— Быстро встал, сопля гнилая! — сказал Сержант. — Много я видел на своём веку дристунов, но ты, Никон, самый дрисливый из них.

Николай шумно вздохнул. Грудная клетка ходила ходуном, поэтому вдох и выдох получились прерывистыми, со всхлипыванием. Он с ненавистью поднялся и вытянул руки по швам. Сержант стоял, как памятник самому себе — ладный, подтянутый… слуга царю, отец солдатам, сволочь. Безупречно бритое лицо его ухмылялось, ноги расставлены, подмышками нет никаких расплывающихся пятен. Даже кирзачи его — последний писк моды этой долбаной армейской верхушки — сияли чуть ли не солнечными зайчиками нарочито смятых голенищ.

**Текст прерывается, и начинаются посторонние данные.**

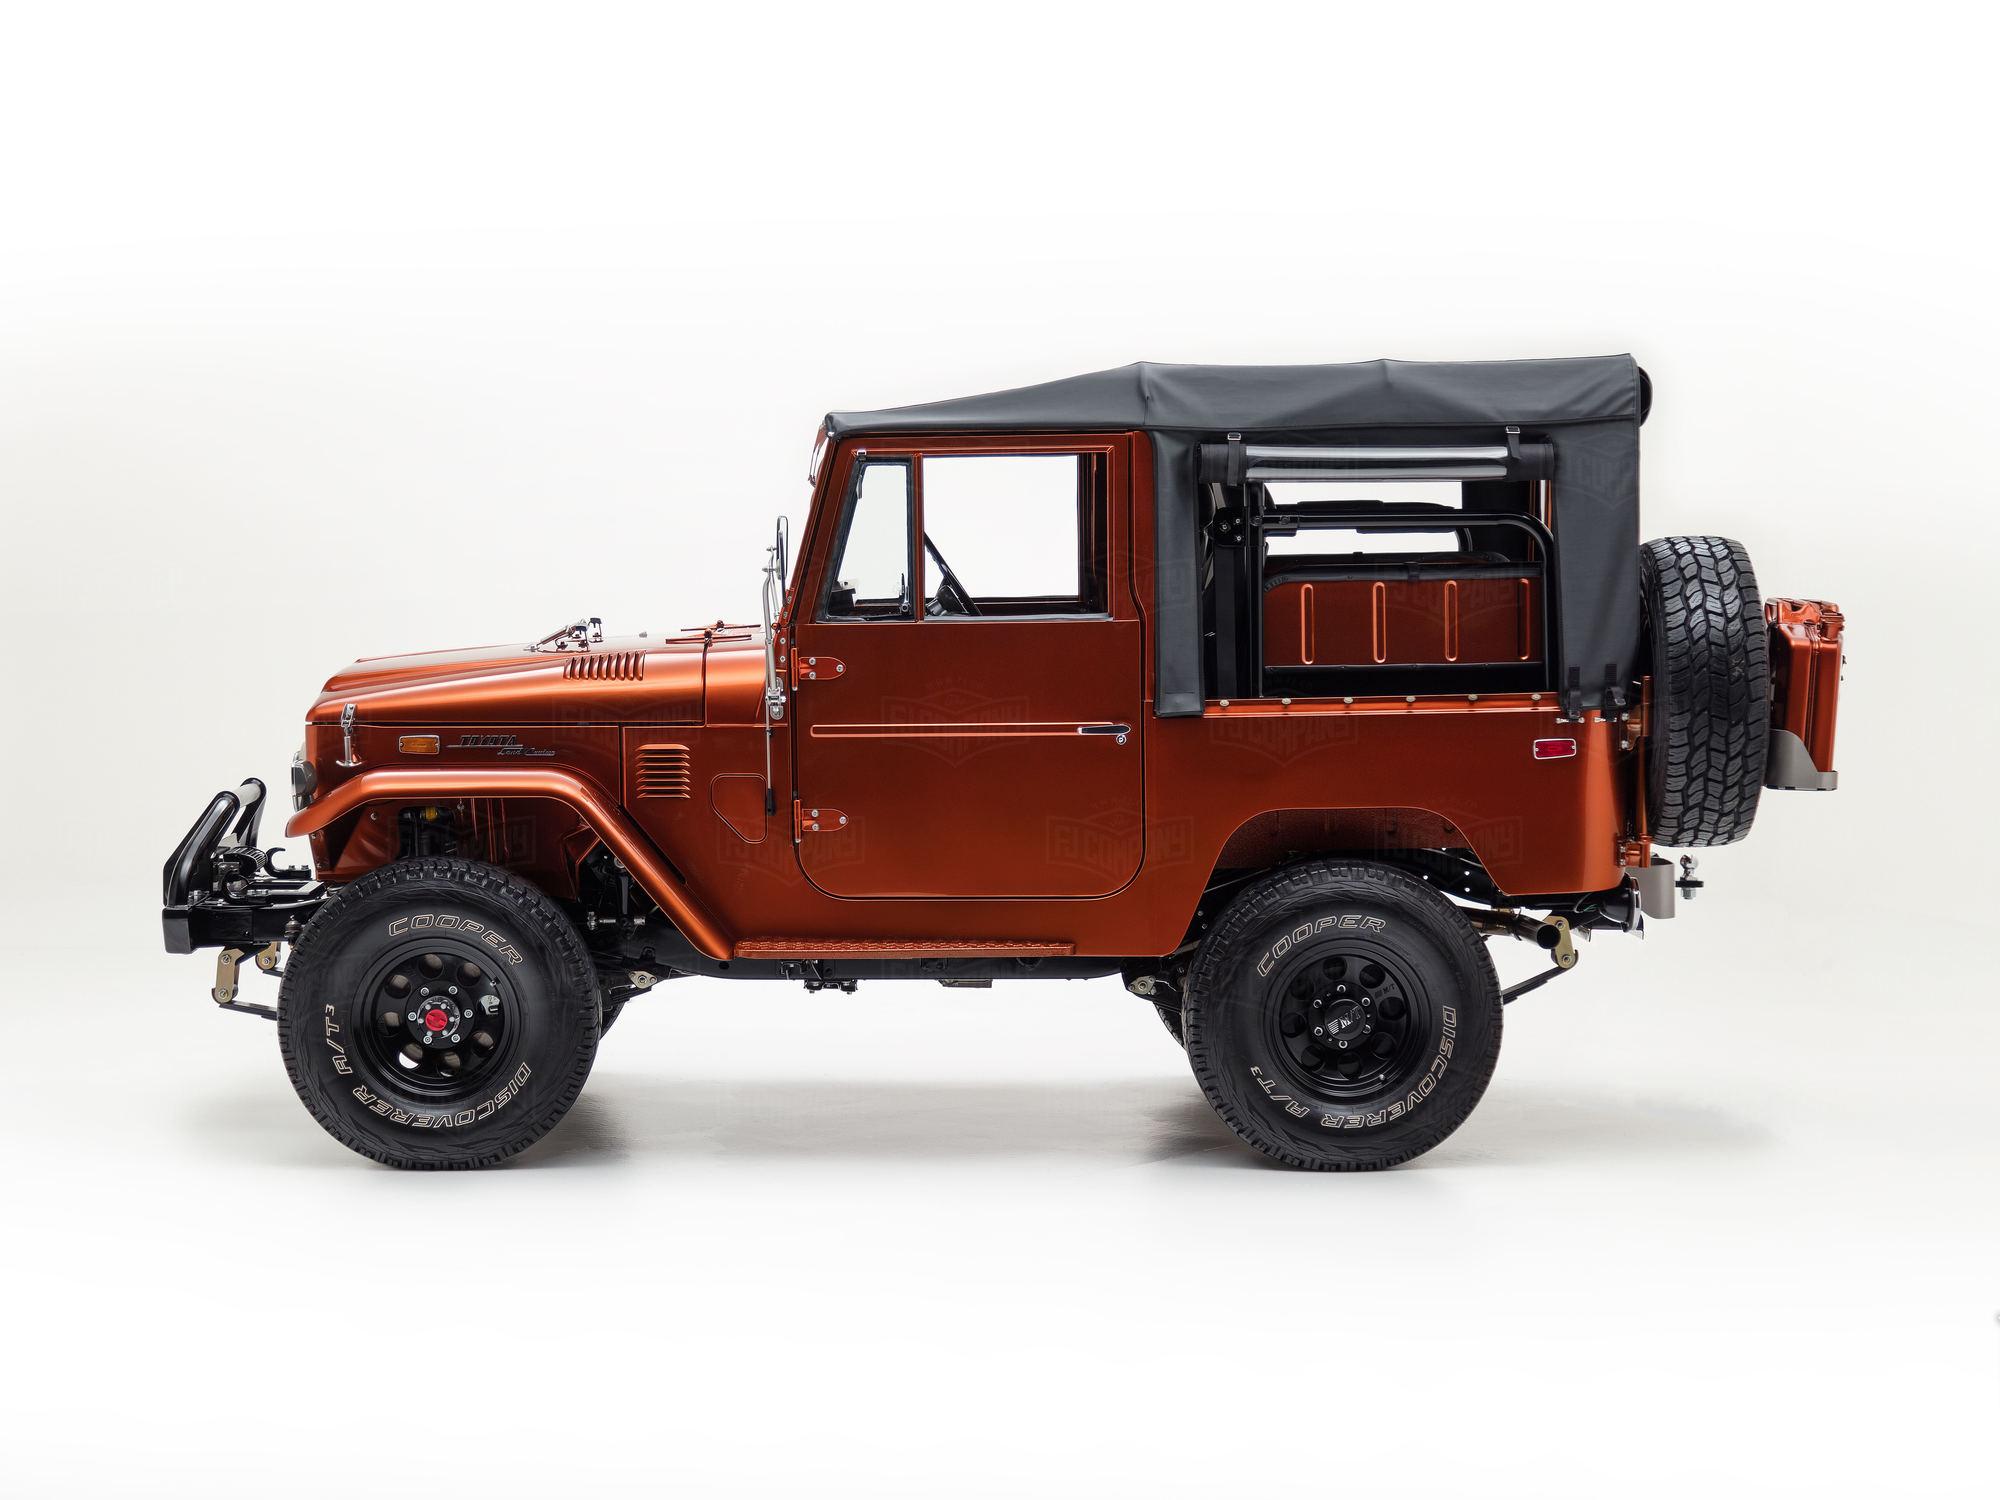 1972 Fj40 Metallic Orange 126414 1975 Toyota Land Cruiser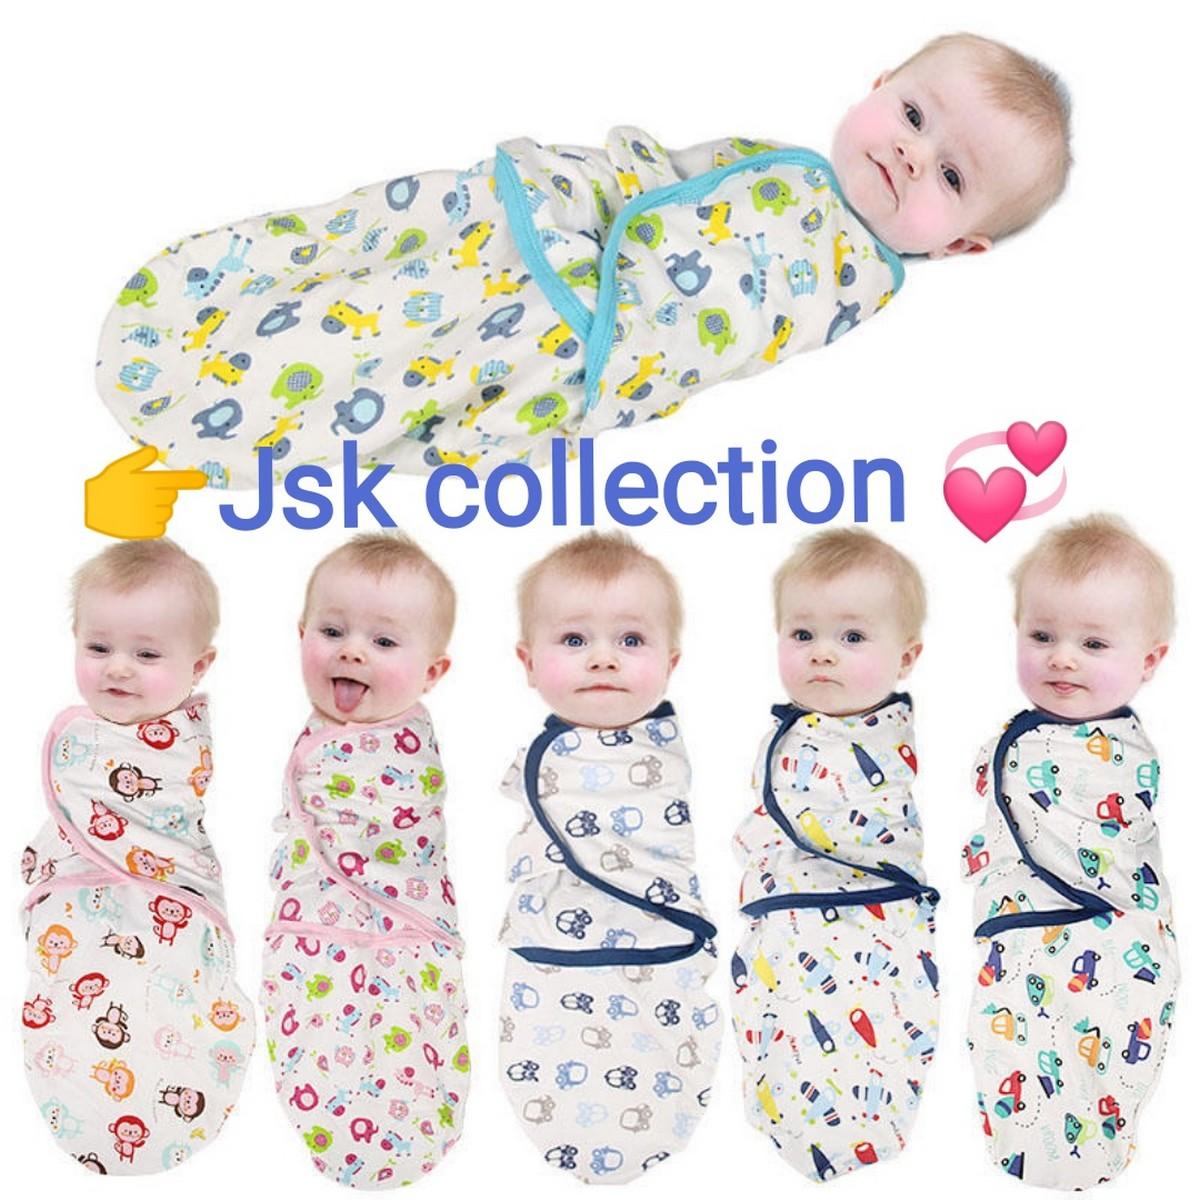 Summer SwaddleMe Assorted Design infant Adjustable Wrap Cotton Swaddle Wrapping Sheet

Благословенный рюкзак горой топорщился за его спиной. Николай… впрочем, он давно уже стал «Никоном» для этого ухмыляющегося садиста… Николай сглотнул вязкий комок и хрипло сказал:

— Господин сержант, разрешите обратиться?

— Обращайся, дристун Никон, — сделав паузу, ответил Сержант.

— Курсант Коряга умер, сэр.

— Курсант Коряга выбыл с дистанции, — ровно ответил проклятый истукан. — Судьба его не должна волновать оставшихся претендентов. — Сержант обернулся к Ангару, посмотрел в небо, повернулся и чётко сказал. — Согласно протоколу, вызвана аварийная бригада. — Он ухмыльнулся Никону и рявкнул. — Ты остаёшься, курсант! Не криви морду — прыщи вскочат! Согласно показаниям твоей личной телеметрии, тебе ещё служить и служить, сынок. Отдышался? В бою не отдышишься! Что такое бой, гусёнок?

— Полные штаны говна при безупречном выполнении боевого приказа! — устало выкрикнул Никон.

— Верно, сынок. По ноздри в говне, по макушку в крови и кишках. Но — приказ выполнен! И таким, как ты, жирный бурдюк, этого не понять, как не понял бывший курсант Коряга, а ныне кусок говна, отчисленный с курсов, как непригодный к дальнейшему боевому обучению!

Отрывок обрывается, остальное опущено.